G4S chief backed by sports minister

Chief executive Nick Buckles is under pressure to quit his role at G4S

Chief executive Nick Buckles is under pressure to quit his role at G4S

First published in National Sport © by

Under-fire G4S chief executive Nick Buckles should stay in his job during the Olympics, Sports Minister Hugh Robertson has said.

Mr Buckles has come under pressure to quit following his company's failure to provide thousands of security guards for the London Games.

But asked whether Mr Buckles should resign, Mr Robertson said: "The important thing is that we deliver a safe and secure Games, and G4S remain a key partner in that, so I want stability at that firm, and delivery. I don't want resignations causing chaos."

But, speaking at a central London press conference, he added: "What happens to Mr Buckles afterwards is a matter for others in the post-Games environment.

"What is crucial now is that he and his organisation concentrate absolutely on delivering a safe and secure Olympics.I have confidence in their ability to do so."
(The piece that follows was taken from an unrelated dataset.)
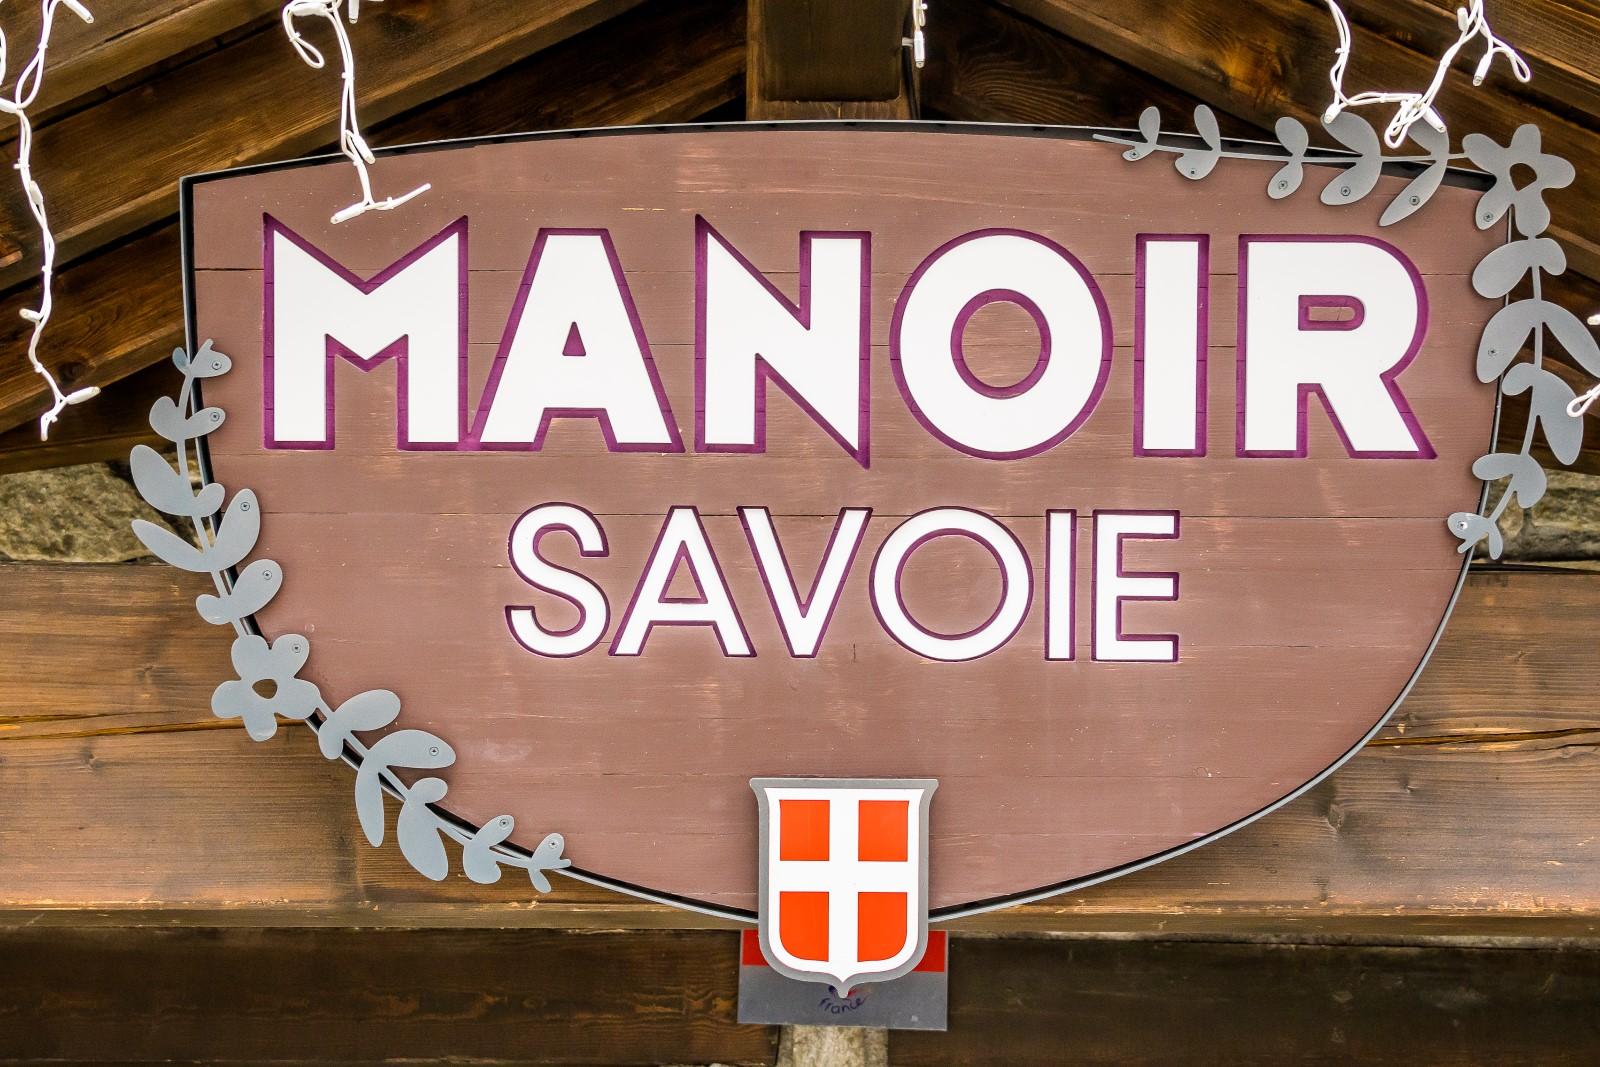 Manoir Savoie in summer

Mr Robertson's comments came amid reports that a request may be made on Thursday for additional troops to plug any further gaps in security if G4S fails to deliver the necessary number of guards.

The Ministry of Defence (MoD) said contingency plans are in place to provide more troops if needed, but added that no request has yet been received.

But there are reports that a decision will be taken on whether to put 2,000 personnel "on notice to move", which would mean that they would act as a reserve force throughout the Olympics period and would not be available for other tasks.

Sky News quoted an unnamed Home Office source as saying: "The decision to put another 2,000 military personnel on notice to move will be taken tomorrow (Thursday). This comes after very intrusive examination of G4S management and while we are confident that the recruitment targets will be met, it is prudent to make contingency plans of this kind."

A Home Office spokesman said: "We have not asked the military to deploy any more military personnel beyond the 3,500 already agreed."